Polish film director Krzysztof Kieslowski created ten modern stories inspired by the Ten Commandments. His dramatization of the First Commandment ("I am the Lord thy God; thou shalt have no other gods before me") revolves around Krzysztof (Henryk Baranowski), a mathematician who teaches at the university. He is a single parent looking after his very bright eleven-year-old son Pawel (Wojciech Klata), who shares his love of technology. After solving a math problem with the help of his computer, the boy goes outside and comes upon the frozen body of a neighborhood dog. Very upset, the boy returns home to ask his father about the meaning of death and the existence of the soul. Krzysztof, who has left behind the God and Catholicism of his childhood, struggles honestly to answer his questions.

The boy's aunt Irena (Maja Komorowska) is a practicing Catholic. She's interested in Pawel's spiritual growth and has already asked her brother to enroll him in a religious education program at a local church.
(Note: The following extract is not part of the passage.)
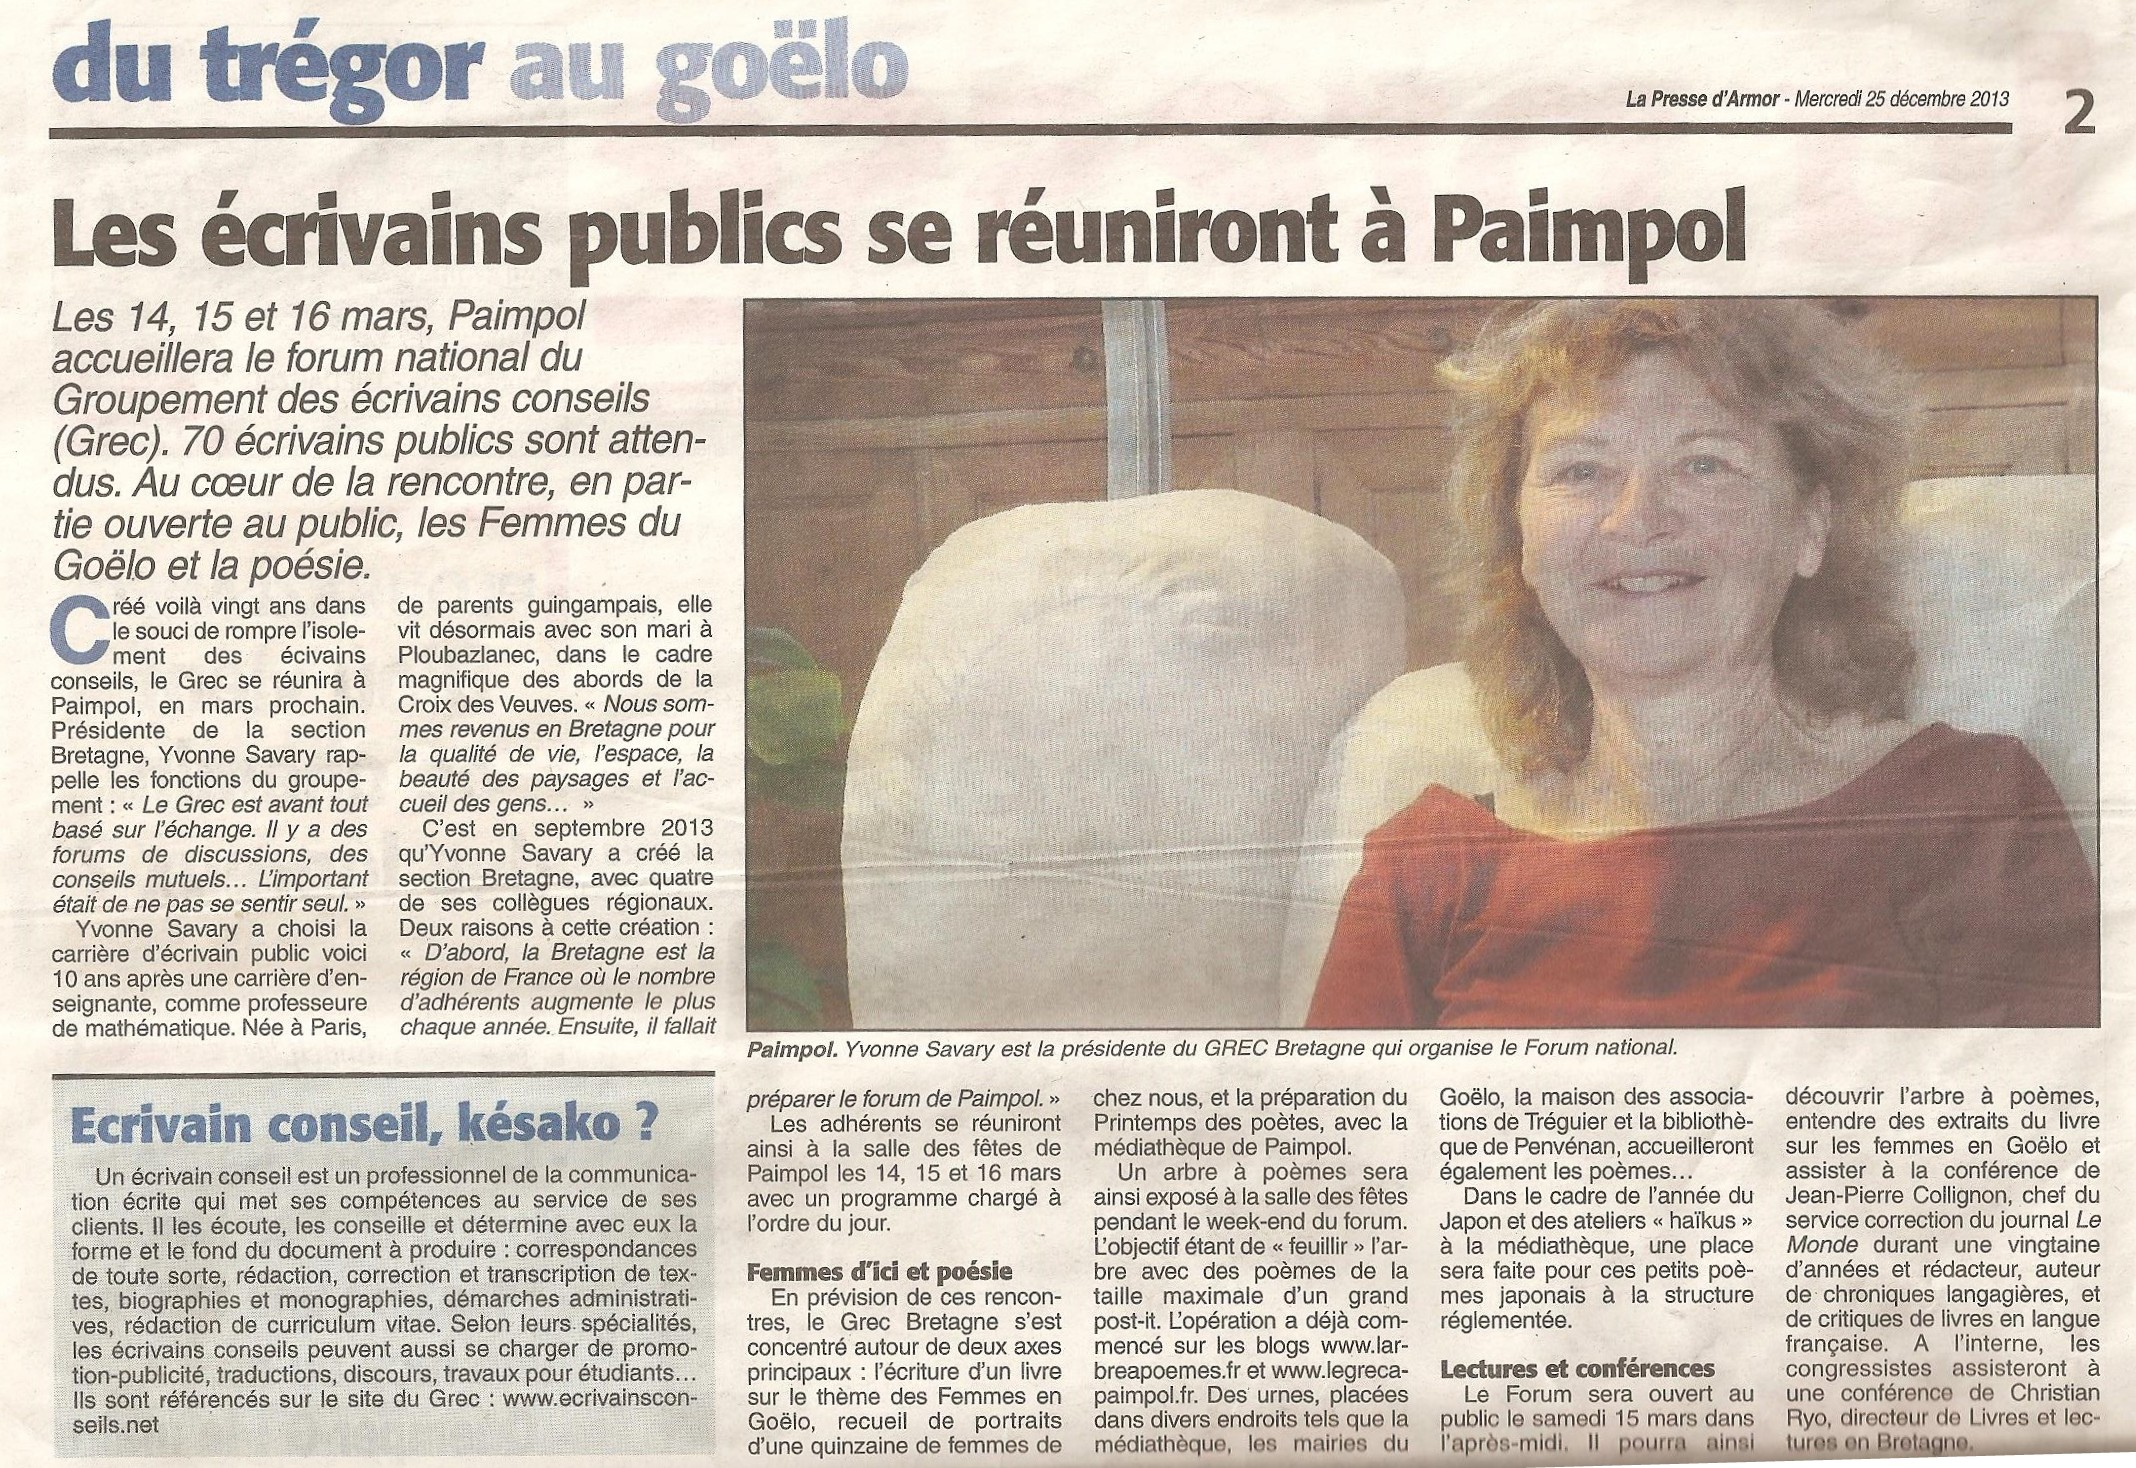 Article de la Presse d'Armor du 25 décembre 2013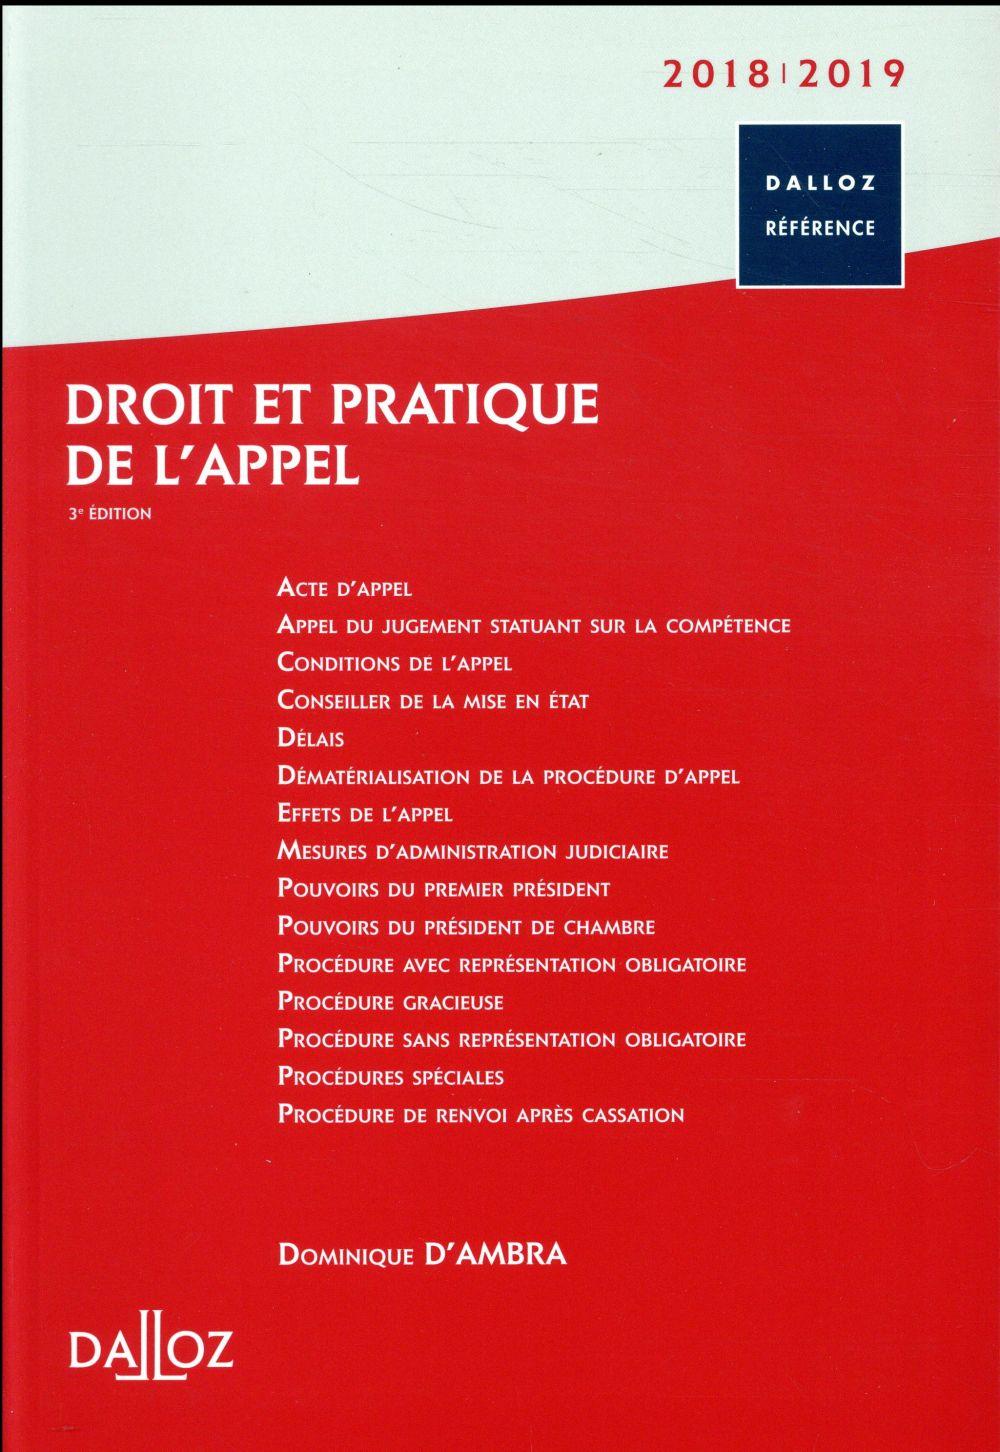 Droit et pratique de l'appel (édition 2018/2019) (3e édition)

In one of the drama's most poignant moments, she demonstrates that God's love is incarnated in the love we have for one another.

This engaging and emotionally affecting depiction of the First Commandment is similar in spirit and intention to the parables of Jesus. The story draws us into the drama and beckons us to see ourselves in each of the three main characters. In our technology driven culture, it's easy to identify with the father who thinks he has outgrown religion and has put his faith in information and reason instead. We feel the tremendous spiritual vitality of Pawel, a young boy filled with wonder about everything in his life from pigeons on the windowsill to a chess game to the gleam on his new ice skates. And we can put ourselves in the shoes of Irena, a Christian who wants her nephew to learn about the mystery and the magnificence of the invisible world of Spirit.

Every day we are tempted to put our faith in all kinds and sources of meaning. All the while, the God who asks to be put first stands squarely in the midst of our lives and challenges us to believe.